DATA:
BEGIN

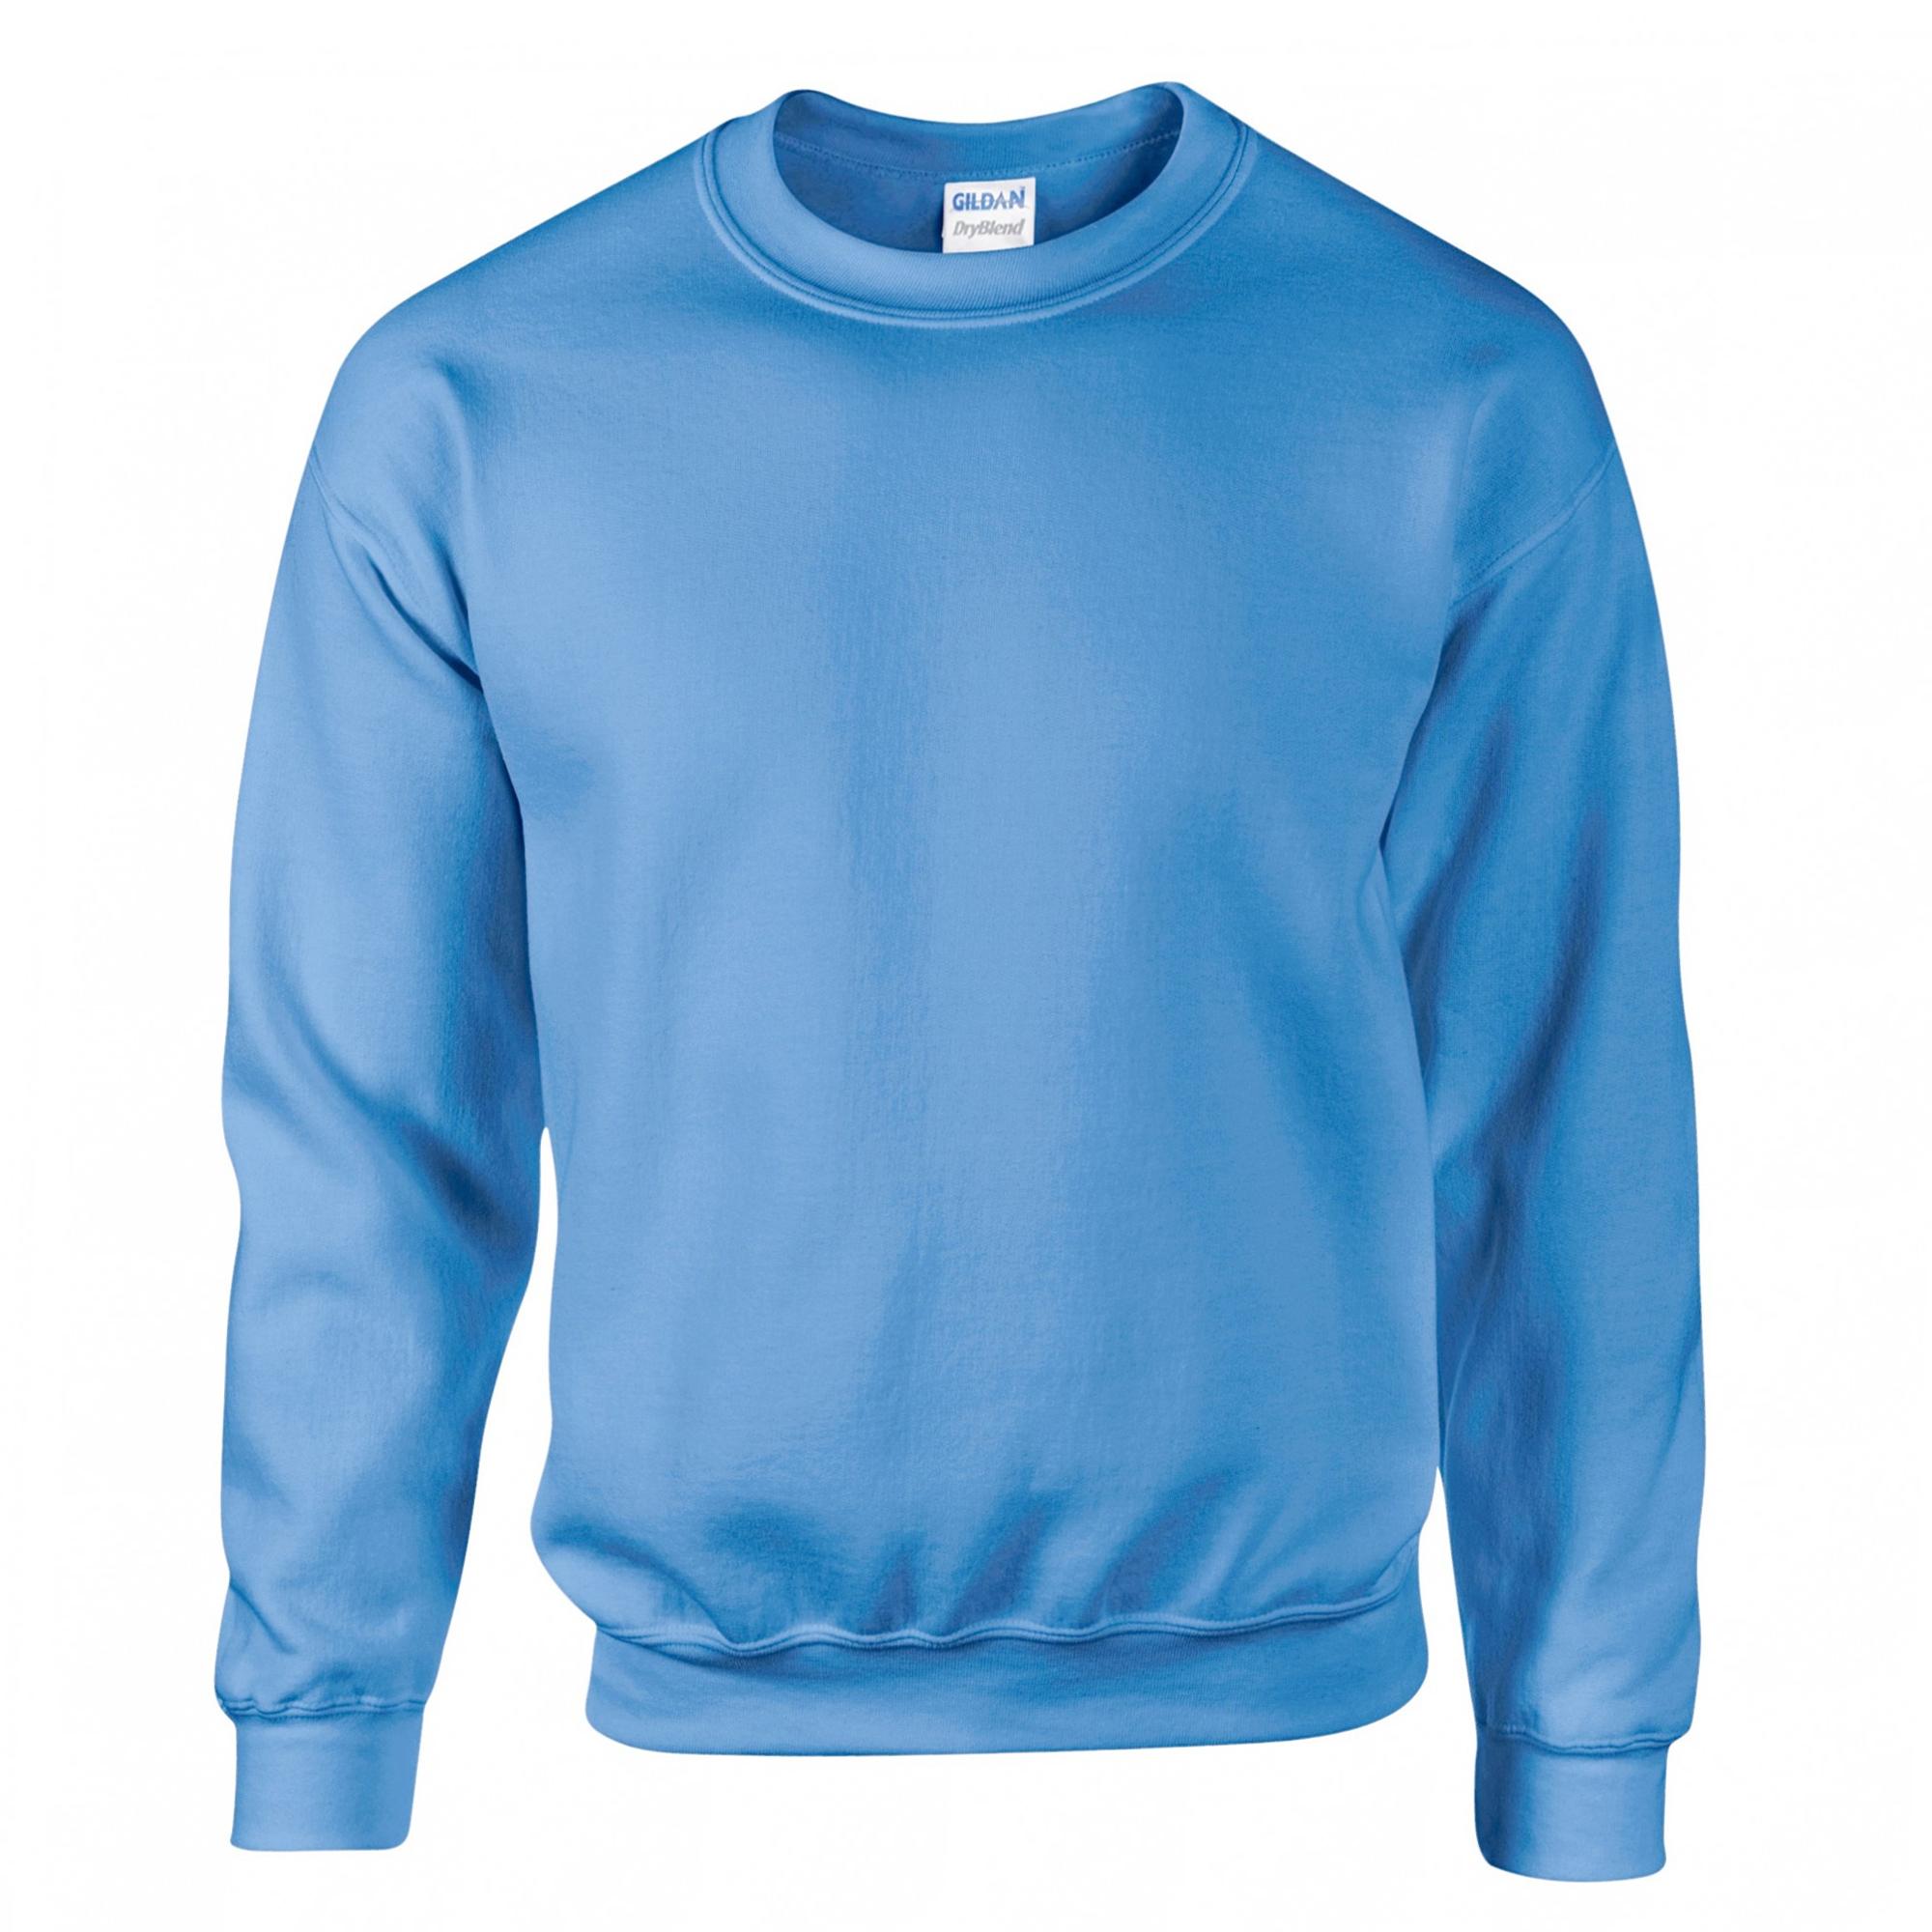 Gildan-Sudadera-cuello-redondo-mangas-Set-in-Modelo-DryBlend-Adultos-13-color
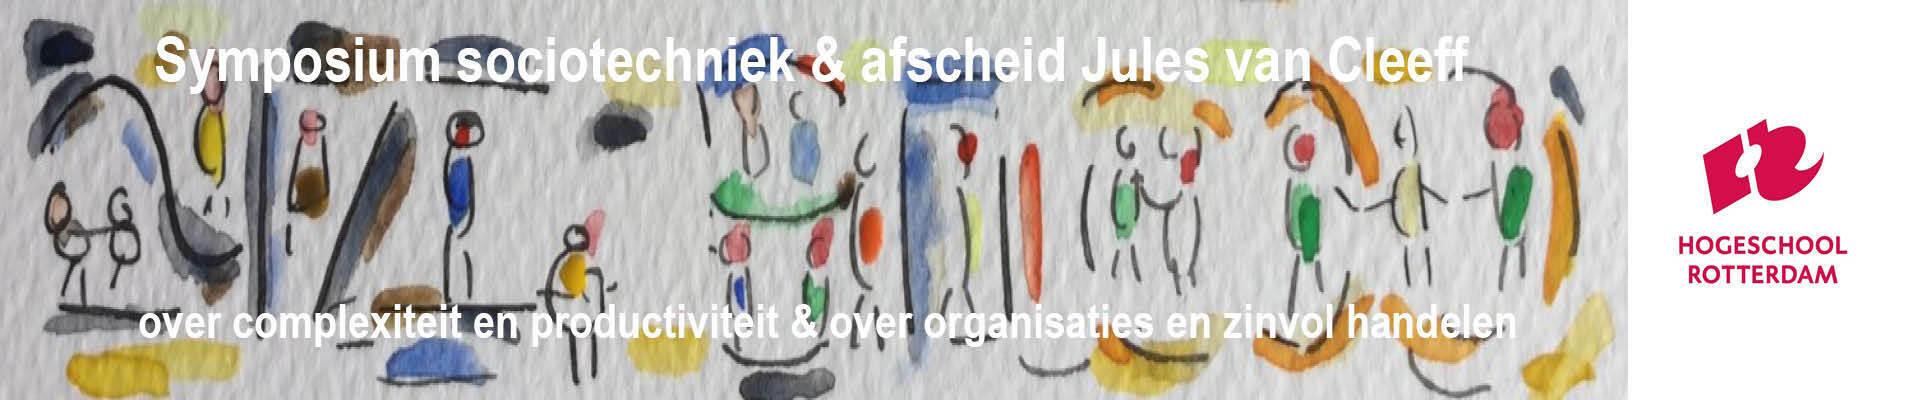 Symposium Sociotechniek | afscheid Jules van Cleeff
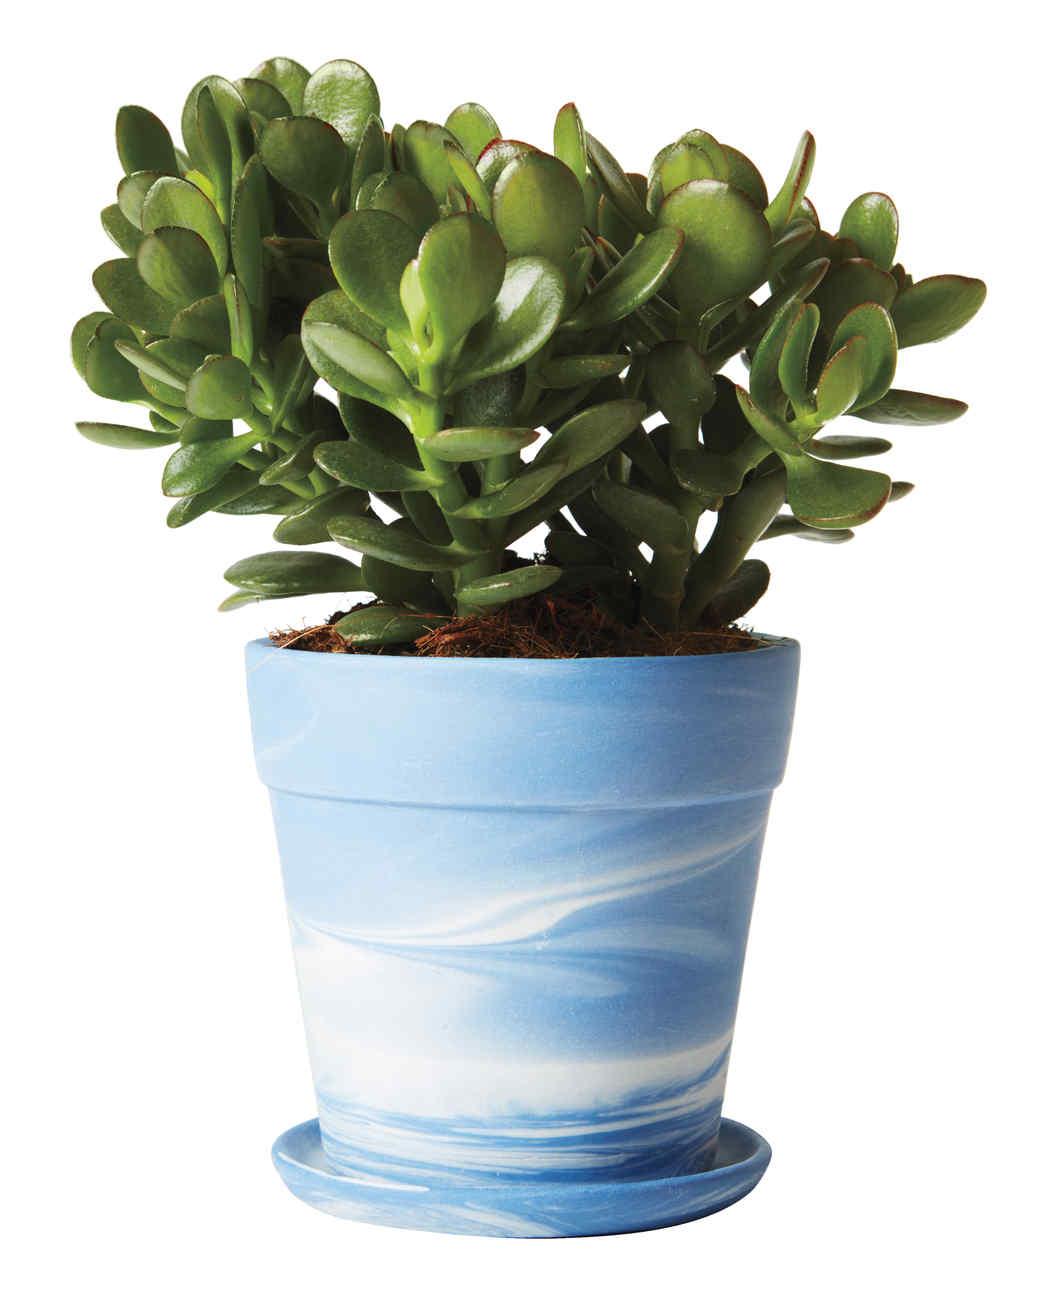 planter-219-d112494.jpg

END

EXERCISE BRIEF: Would you return the whole listing exactly, without the pictures?

ANSWER BOX:
 Gildan-Sudadera-cuello-redondo-mangas-Set-in-Modelo-DryBlend-Adultos-13-color
 Symposium Sociotechniek | afscheid Jules van Cleeff
 planter-219-d112494.jpg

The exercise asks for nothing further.